A. Yes.Q. Do you agree with me you said nothing there about returning to your house and about deciding to leave to your house to head to work. Is that right?
A. That's what it reads there, but what I actually did was different.Q. So the statement is wrong?
A. Yes, to me these statements were more like answering questions to the bloke.Q. When you received this statement in its typed form, did you read it?
A. Yes.Q. After you read it you signed it. Is that right? You cannot just shake your head. You have got to say yes because it is being recorded.
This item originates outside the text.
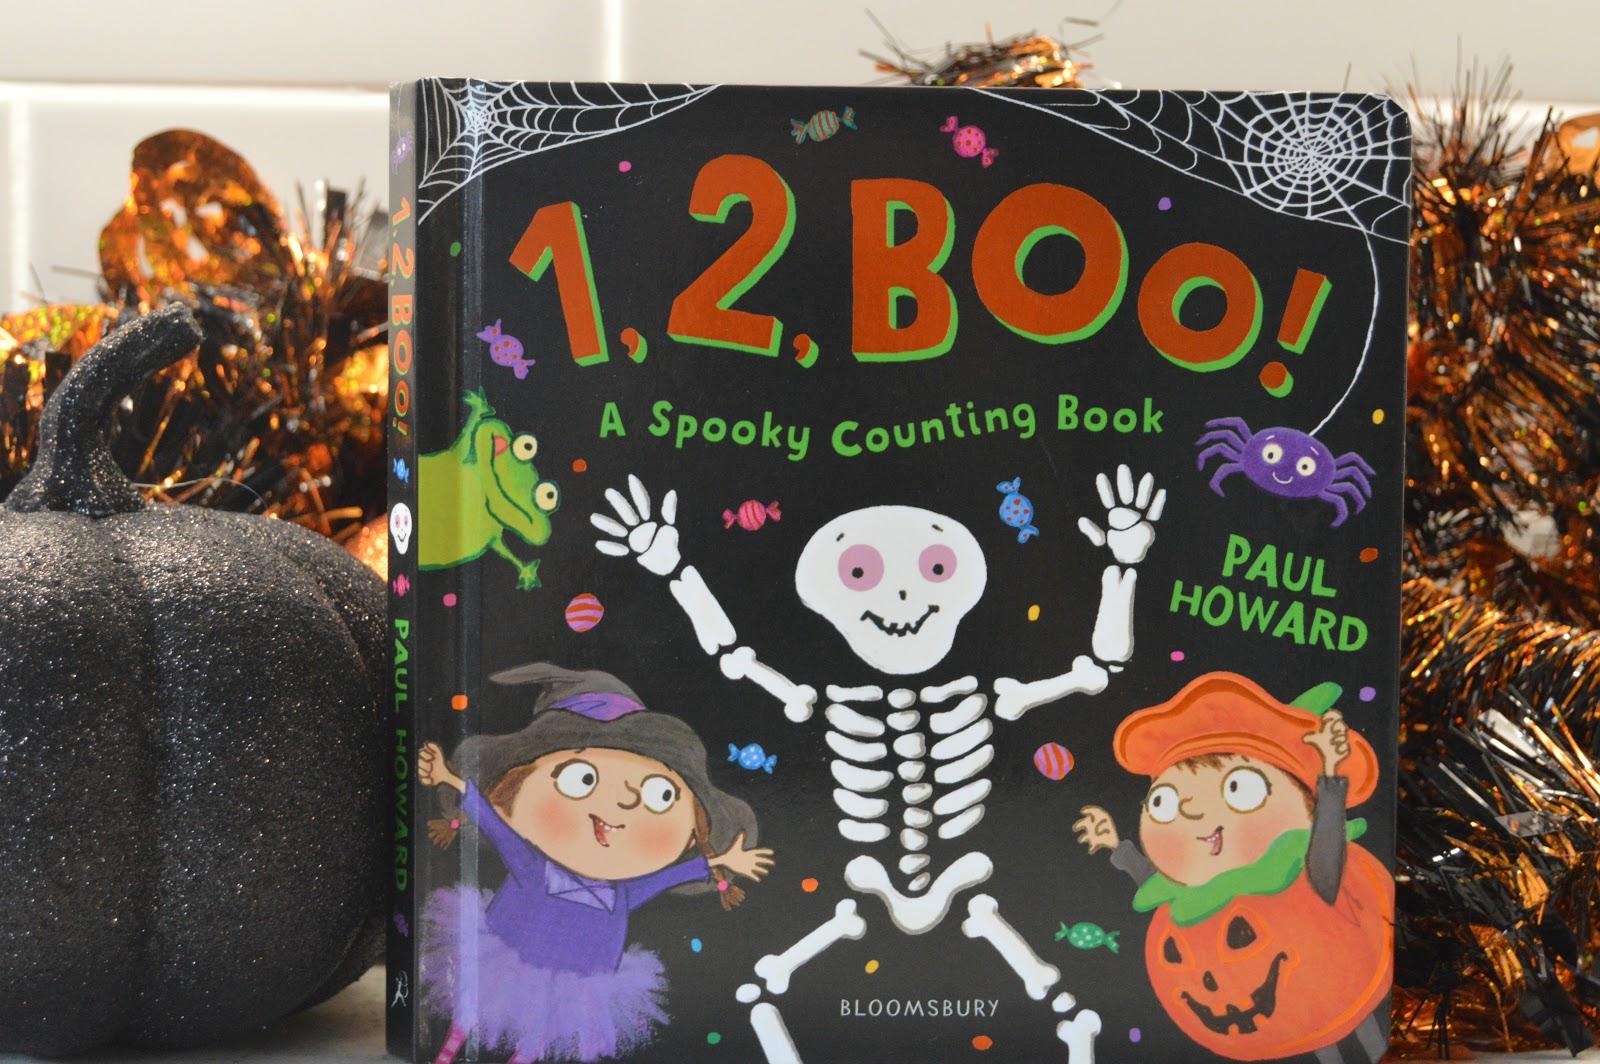 1,2,Boo Book

You do not have any problem reading, do you, Mr Pickwell?
A. No.Q. You understood what was in the statement?
A. Yes, until now.Q. Until now, but now you say there is a bit more to it, is that right?
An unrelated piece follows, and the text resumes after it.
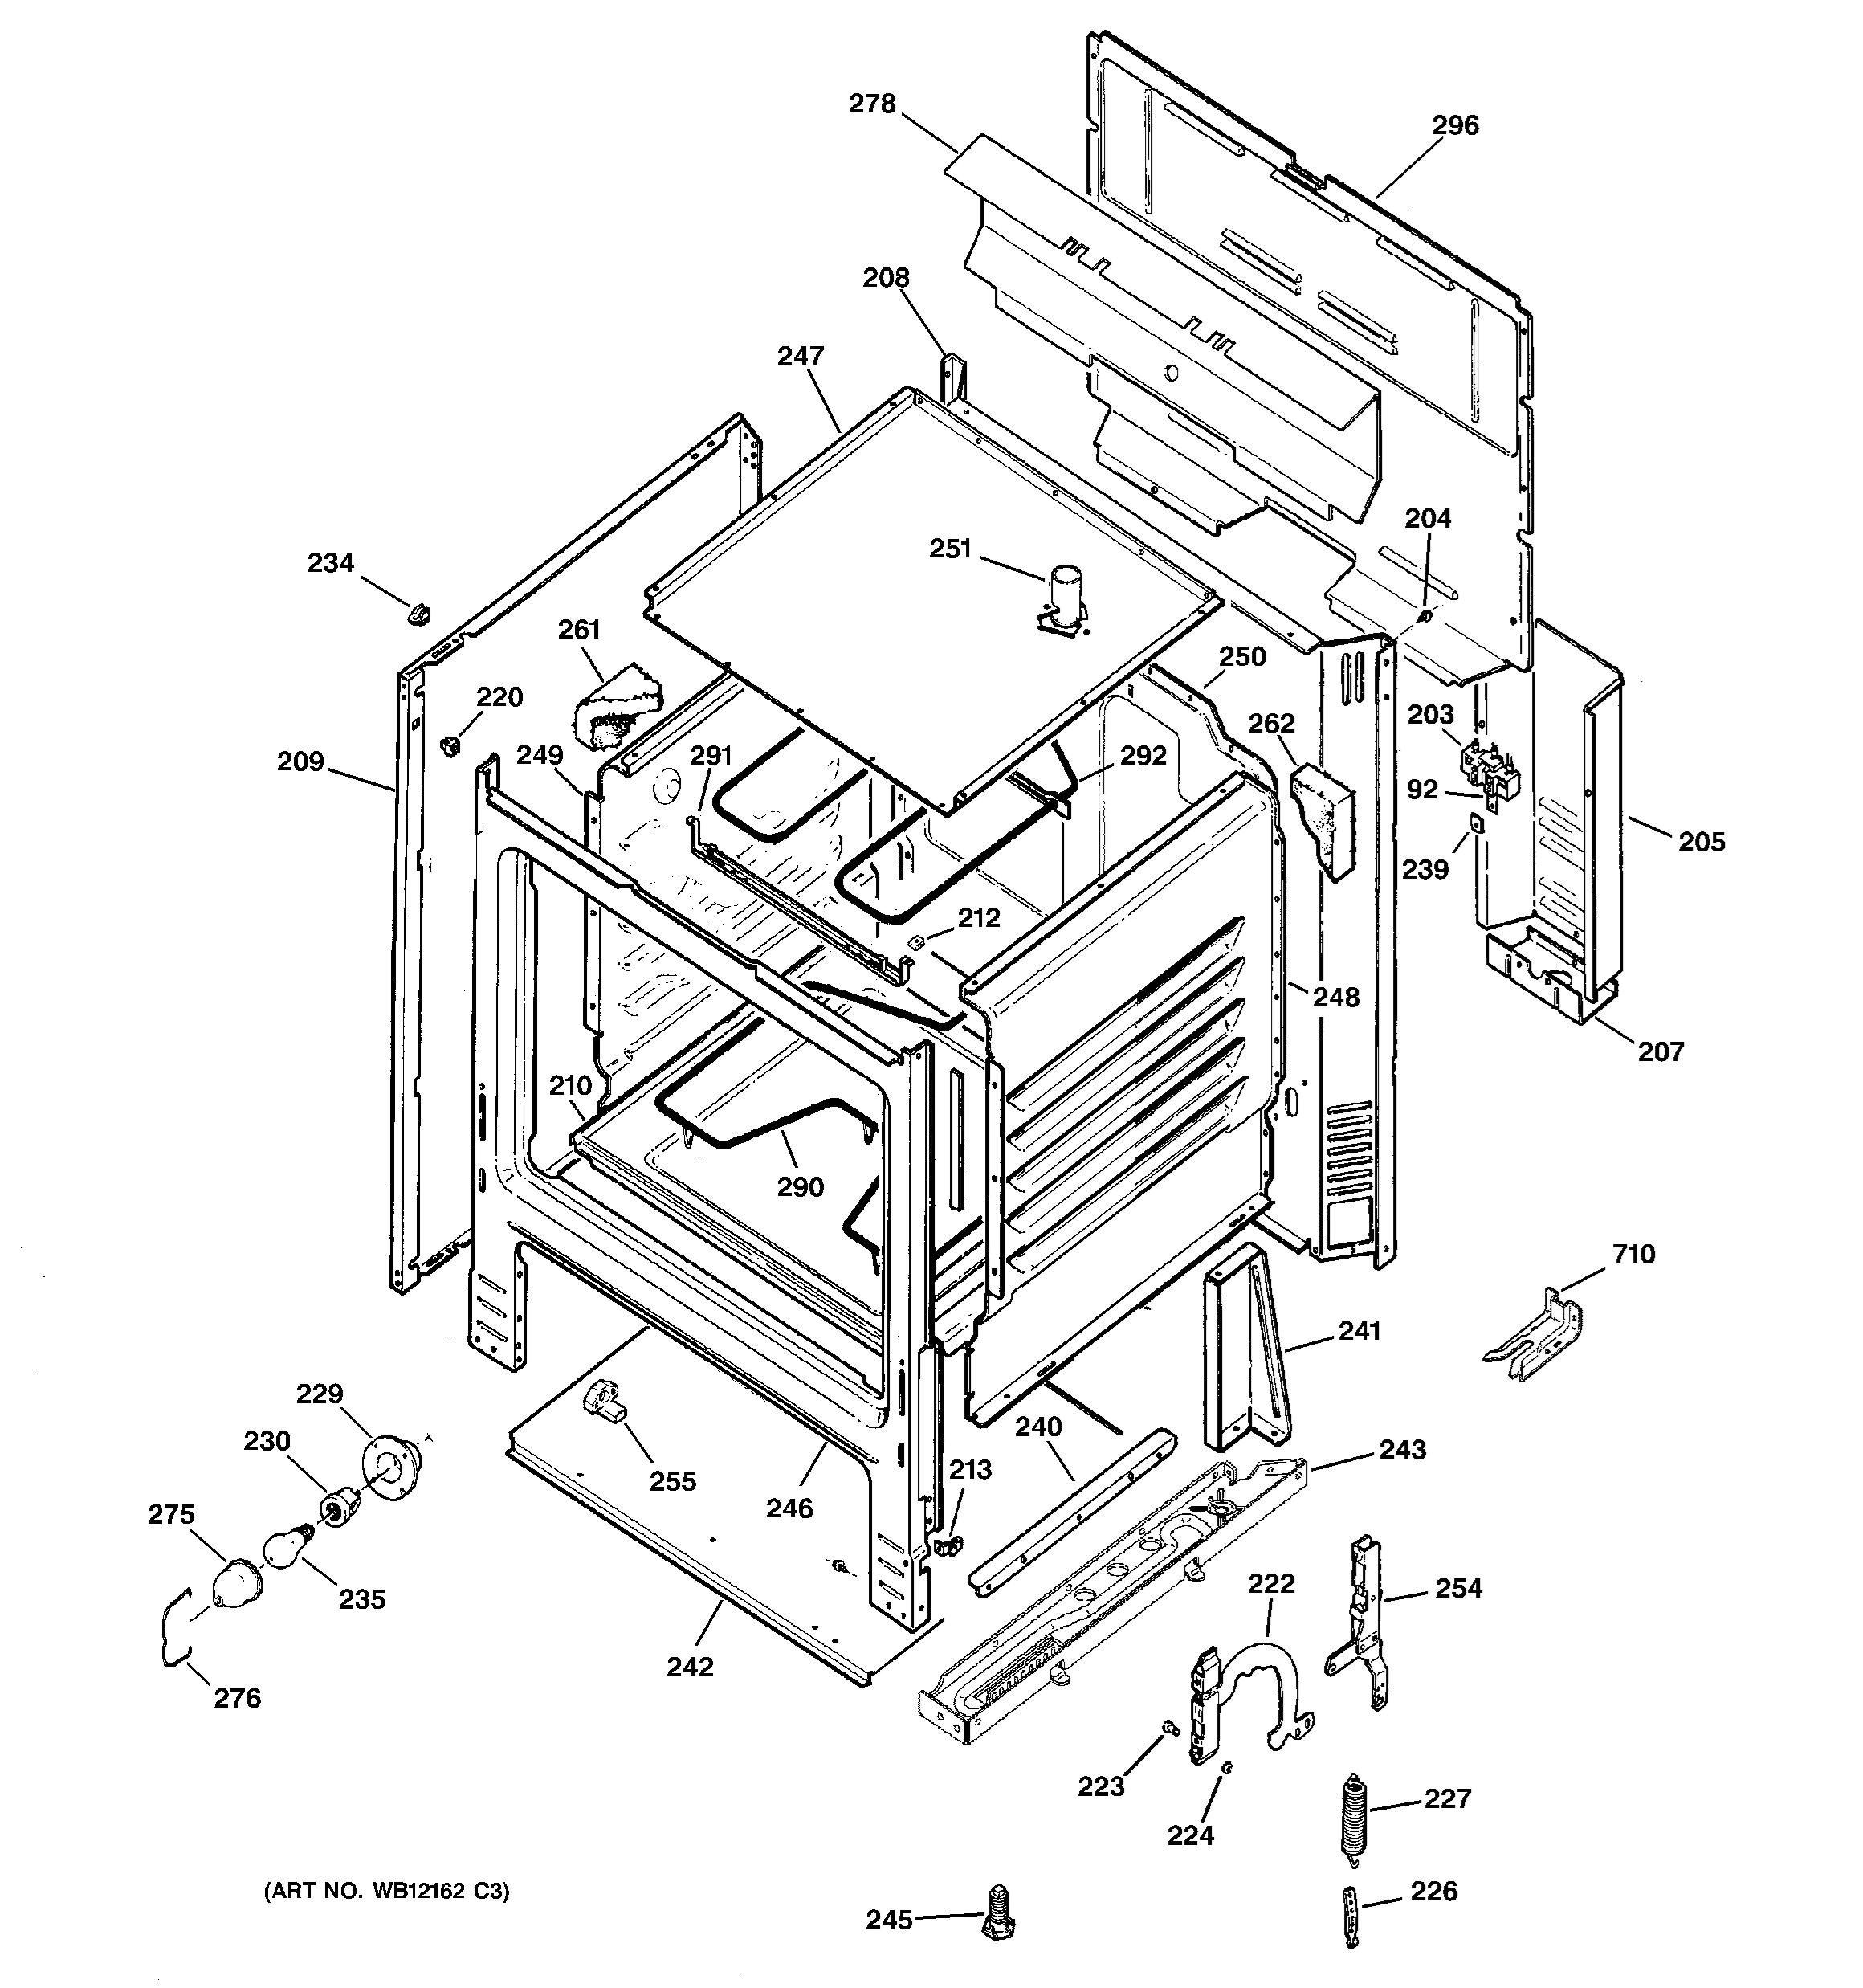 Ge Jbs07h1bb Stove Wiring Diagram Real General Electric Dryer Rh Apwagner Com Profile

A. Yes, I just - everything not worded in here -Q. Everything is not worded in there?
A. How much ... "Commissioner Hogg said that he accepted the worker's evidence and said that he was "a witness of truth who attempted at all times to be frank and accurate in the giving of his evidence." Commissioner Hogg appeared to conclude that there was no relevant inconsistency between the worker's statement to the investigator and his evidence-in-chief, the latter being merely more detailed. He said that he was satisfied on the balance of probabilities that the worker had "pulled up in the driveway".
Commissioner Hogg then quoted a submission by the employer to the effect that since the gates were locked up and since senior counsel for the worker, who was of "long experience" had not attempted to elicit more specific evidence, the worker cannot have crossed the boundary. The submission concluded:
"There is no attempt to identify which gates, where they were, anything, but that is the onus and it is a very strict onus because that is why the Act was amended to give clear indication to courts that the journey must commence at a particular point. It was to avoid all those cases that you have no doubt heard and heard over the years of people coming out of blocks of flats and premises and so forth and it was made specifically for that."
Commissioner Hogg then said:
"I am not convinced that the respondent's submission is correct in this regard. It does not follow to conclude that Mr Pickwell had not crossed the boundary upon which his home was situated when he pulled up in the driveway ... Indeed, by pulling up in the driveway, the contrary is suggested. It should be emphasised that it is the unchallenged evidence of the applicant that he pulled up in the driveway. The respondent's submission would, of course, have more merit had Mr Pickwell stopped in the street outside his house, but he doesn't do that. He ...'pulls up in the driveway' ... and on the balance of probabilities I would conclude that he was on the boundary upon which his place of abode was situated and had crossed the boundary of his property in reaching that point "in the driveway". Further detailed discussion and reasoning in relation to this point follows later in these reasons.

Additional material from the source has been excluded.